====== INPUT FOR THIS TASK

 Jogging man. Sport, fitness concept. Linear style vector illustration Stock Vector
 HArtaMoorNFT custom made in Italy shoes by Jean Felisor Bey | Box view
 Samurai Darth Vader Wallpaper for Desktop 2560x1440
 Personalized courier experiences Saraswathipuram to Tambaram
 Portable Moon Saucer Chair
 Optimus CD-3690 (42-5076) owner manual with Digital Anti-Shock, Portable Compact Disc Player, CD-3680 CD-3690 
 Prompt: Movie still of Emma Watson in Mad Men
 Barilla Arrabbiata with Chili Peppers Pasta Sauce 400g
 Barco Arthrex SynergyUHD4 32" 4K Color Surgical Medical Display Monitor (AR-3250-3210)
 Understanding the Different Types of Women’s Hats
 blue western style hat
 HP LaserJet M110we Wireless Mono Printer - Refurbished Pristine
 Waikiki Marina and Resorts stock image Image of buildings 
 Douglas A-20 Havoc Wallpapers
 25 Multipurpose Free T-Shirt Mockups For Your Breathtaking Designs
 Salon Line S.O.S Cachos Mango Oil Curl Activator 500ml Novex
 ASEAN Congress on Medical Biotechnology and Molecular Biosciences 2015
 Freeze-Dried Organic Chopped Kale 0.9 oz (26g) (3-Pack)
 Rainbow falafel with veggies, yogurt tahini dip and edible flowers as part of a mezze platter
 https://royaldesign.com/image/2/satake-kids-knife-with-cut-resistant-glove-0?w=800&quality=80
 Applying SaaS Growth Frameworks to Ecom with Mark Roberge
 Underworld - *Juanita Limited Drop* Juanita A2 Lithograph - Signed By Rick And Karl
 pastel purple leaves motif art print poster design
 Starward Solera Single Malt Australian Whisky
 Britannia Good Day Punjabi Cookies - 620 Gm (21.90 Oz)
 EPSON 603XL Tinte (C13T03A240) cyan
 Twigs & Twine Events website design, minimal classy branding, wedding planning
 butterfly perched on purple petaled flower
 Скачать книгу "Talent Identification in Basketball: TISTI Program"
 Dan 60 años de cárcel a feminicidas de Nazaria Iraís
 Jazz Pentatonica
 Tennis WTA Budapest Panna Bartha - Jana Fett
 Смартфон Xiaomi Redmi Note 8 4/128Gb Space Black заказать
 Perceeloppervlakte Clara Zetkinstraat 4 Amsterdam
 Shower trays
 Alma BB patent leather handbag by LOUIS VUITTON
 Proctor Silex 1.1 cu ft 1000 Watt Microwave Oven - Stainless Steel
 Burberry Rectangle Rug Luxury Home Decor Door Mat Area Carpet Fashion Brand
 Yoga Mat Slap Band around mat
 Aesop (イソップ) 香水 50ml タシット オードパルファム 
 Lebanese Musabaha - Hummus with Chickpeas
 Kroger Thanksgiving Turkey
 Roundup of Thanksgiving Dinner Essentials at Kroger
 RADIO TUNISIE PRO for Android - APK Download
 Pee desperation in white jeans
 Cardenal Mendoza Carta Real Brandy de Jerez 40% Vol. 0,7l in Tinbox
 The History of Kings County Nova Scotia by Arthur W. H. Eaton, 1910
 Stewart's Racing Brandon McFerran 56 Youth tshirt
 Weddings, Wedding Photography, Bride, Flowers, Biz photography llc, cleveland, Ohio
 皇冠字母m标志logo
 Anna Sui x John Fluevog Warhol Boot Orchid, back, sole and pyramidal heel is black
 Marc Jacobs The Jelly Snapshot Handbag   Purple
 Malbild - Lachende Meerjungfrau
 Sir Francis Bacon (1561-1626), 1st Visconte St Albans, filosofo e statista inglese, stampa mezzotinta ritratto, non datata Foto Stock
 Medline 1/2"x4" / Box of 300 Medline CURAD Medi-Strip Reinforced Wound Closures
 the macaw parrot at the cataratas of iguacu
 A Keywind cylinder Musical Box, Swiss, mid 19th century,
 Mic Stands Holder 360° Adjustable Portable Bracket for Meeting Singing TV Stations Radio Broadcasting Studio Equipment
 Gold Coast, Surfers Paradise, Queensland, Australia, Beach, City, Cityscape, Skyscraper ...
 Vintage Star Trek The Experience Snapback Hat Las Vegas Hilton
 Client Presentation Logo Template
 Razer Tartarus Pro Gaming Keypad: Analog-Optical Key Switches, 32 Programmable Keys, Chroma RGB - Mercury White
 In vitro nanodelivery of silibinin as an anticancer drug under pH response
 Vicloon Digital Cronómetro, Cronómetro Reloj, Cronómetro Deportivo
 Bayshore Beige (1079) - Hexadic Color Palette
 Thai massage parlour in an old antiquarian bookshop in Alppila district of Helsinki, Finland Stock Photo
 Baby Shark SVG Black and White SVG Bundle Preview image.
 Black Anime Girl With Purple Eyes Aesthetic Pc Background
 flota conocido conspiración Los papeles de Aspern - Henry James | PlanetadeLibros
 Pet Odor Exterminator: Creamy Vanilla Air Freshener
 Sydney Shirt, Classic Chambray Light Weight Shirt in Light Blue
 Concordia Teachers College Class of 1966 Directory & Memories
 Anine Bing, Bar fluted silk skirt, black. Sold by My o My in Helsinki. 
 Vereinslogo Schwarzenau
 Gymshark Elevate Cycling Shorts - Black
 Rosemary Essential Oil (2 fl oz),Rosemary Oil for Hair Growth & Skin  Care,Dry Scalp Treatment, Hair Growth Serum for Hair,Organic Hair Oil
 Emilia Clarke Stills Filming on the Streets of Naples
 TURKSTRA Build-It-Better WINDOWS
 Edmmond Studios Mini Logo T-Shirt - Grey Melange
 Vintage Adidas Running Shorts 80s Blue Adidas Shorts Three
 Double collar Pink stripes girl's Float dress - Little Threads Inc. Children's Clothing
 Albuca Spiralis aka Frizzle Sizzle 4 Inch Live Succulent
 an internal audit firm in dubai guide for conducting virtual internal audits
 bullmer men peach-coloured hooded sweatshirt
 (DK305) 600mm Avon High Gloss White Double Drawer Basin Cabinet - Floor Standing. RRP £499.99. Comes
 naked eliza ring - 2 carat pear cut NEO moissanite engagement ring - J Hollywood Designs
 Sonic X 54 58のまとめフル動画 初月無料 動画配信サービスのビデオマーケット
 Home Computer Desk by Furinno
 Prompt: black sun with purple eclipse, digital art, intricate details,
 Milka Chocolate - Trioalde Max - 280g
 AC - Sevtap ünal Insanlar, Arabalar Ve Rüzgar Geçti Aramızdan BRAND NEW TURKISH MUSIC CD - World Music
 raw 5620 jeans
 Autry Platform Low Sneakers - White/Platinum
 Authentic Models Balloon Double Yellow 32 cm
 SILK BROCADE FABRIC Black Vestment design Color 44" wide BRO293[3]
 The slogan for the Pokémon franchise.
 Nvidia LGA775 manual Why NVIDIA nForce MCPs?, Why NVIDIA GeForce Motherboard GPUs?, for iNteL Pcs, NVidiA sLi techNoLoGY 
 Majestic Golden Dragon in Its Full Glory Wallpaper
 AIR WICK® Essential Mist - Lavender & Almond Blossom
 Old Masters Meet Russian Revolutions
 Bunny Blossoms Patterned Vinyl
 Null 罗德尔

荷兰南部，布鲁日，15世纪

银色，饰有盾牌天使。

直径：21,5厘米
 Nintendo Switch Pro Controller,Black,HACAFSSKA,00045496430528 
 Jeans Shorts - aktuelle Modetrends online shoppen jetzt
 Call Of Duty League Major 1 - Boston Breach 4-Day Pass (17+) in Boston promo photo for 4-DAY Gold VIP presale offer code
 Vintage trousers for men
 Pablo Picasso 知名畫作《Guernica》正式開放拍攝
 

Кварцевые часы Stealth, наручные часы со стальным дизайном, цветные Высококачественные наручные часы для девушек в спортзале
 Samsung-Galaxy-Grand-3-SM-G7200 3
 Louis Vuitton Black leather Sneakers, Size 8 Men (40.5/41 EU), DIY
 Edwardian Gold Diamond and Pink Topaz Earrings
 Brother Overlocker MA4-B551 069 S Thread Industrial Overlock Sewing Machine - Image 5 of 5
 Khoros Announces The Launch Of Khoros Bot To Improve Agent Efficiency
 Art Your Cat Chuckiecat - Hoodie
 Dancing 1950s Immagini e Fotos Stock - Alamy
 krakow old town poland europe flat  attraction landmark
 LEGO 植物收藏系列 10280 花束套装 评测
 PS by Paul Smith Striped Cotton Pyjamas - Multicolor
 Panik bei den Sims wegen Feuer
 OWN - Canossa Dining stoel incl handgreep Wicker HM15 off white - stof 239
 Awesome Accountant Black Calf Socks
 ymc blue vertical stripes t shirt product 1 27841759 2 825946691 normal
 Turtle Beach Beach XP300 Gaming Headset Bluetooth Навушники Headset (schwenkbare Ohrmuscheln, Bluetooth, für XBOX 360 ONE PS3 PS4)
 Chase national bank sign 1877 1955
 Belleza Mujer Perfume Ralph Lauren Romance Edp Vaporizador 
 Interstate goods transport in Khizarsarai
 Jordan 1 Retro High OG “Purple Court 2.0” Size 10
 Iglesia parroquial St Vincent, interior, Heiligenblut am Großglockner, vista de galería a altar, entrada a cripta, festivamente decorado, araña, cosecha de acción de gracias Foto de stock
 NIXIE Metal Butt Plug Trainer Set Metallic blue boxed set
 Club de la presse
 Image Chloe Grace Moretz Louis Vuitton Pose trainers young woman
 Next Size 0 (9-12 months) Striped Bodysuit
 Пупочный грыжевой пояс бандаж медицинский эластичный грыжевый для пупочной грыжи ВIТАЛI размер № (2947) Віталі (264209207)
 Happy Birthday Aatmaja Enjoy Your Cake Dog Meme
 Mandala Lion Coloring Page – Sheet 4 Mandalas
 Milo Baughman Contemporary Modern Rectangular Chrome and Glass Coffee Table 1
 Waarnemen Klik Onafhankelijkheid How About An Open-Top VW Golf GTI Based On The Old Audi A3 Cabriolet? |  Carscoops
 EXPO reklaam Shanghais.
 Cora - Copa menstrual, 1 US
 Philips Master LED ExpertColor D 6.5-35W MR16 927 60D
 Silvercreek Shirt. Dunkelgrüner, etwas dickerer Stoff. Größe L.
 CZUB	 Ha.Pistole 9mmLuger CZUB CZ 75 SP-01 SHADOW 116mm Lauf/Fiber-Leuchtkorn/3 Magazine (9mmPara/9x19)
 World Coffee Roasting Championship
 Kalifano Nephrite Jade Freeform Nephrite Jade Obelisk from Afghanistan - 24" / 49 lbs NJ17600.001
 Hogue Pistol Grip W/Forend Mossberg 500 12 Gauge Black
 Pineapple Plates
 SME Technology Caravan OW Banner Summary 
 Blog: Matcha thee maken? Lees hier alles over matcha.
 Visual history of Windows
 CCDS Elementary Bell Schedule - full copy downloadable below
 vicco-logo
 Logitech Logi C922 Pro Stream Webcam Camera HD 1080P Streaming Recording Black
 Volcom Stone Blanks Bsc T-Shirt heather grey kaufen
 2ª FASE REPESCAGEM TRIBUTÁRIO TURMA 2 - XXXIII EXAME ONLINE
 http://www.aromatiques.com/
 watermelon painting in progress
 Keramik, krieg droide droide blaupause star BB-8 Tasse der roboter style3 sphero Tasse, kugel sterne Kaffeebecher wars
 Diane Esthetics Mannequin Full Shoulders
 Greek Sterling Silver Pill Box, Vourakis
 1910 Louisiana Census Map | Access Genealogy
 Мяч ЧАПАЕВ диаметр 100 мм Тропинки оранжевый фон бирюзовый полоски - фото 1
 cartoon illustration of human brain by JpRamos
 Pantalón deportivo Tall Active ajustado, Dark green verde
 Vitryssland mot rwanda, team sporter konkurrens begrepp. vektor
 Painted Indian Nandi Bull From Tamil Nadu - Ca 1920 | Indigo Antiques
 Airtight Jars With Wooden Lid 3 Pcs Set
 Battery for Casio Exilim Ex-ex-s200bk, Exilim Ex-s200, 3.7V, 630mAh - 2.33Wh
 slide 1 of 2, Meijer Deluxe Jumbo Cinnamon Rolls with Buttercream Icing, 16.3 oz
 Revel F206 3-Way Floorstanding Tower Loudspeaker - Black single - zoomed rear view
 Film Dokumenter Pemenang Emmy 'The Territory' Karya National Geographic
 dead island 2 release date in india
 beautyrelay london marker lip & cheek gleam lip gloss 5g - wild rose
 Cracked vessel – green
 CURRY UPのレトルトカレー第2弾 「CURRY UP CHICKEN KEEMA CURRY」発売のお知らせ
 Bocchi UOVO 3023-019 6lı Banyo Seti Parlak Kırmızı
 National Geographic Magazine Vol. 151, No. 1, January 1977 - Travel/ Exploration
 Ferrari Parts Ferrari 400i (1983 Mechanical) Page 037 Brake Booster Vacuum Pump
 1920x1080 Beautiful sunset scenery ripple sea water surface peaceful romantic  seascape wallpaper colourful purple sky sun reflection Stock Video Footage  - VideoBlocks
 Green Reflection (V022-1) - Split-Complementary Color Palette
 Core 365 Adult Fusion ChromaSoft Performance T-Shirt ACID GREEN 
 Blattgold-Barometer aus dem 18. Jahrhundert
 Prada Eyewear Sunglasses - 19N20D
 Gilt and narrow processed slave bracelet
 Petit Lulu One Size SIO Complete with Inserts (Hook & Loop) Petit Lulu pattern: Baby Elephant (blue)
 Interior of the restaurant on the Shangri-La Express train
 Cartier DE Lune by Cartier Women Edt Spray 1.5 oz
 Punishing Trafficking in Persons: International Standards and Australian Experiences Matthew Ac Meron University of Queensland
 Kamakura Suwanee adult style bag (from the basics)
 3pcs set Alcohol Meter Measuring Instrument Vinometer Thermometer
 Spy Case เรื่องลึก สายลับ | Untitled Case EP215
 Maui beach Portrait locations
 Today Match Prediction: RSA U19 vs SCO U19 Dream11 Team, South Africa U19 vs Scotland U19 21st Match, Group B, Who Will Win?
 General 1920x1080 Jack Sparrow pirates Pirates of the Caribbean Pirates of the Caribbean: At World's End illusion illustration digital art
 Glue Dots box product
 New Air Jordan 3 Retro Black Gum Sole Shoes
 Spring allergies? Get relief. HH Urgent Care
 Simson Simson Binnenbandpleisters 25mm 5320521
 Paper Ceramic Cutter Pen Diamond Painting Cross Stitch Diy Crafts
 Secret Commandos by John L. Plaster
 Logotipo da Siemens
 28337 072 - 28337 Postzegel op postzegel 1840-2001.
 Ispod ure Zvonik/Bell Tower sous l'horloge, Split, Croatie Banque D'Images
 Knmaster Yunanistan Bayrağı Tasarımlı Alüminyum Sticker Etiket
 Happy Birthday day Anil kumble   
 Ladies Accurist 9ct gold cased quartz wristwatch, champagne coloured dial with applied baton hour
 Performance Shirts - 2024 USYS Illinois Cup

============

▶ [DIRECTIONS FOR THIS TASK]
Please output an exact copy of the lines above, from the opening line of the data down to the line that contains "25 Multipurpose Free".

▶ [EXERCISE SOLUTION]
 Jogging man. Sport, fitness concept. Linear style vector illustration Stock Vector
 HArtaMoorNFT custom made in Italy shoes by Jean Felisor Bey | Box view
 Samurai Darth Vader Wallpaper for Desktop 2560x1440
 Personalized courier experiences Saraswathipuram to Tambaram
 Portable Moon Saucer Chair
 Optimus CD-3690 (42-5076) owner manual with Digital Anti-Shock, Portable Compact Disc Player, CD-3680 CD-3690 
 Prompt: Movie still of Emma Watson in Mad Men
 Barilla Arrabbiata with Chili Peppers Pasta Sauce 400g
 Barco Arthrex SynergyUHD4 32" 4K Color Surgical Medical Display Monitor (AR-3250-3210)
 Understanding the Different Types of Women’s Hats
 blue western style hat
 HP LaserJet M110we Wireless Mono Printer - Refurbished Pristine
 Waikiki Marina and Resorts stock image Image of buildings 
 Douglas A-20 Havoc Wallpapers
 25 Multipurpose Free T-Shirt Mockups For Your Breathtaking Designs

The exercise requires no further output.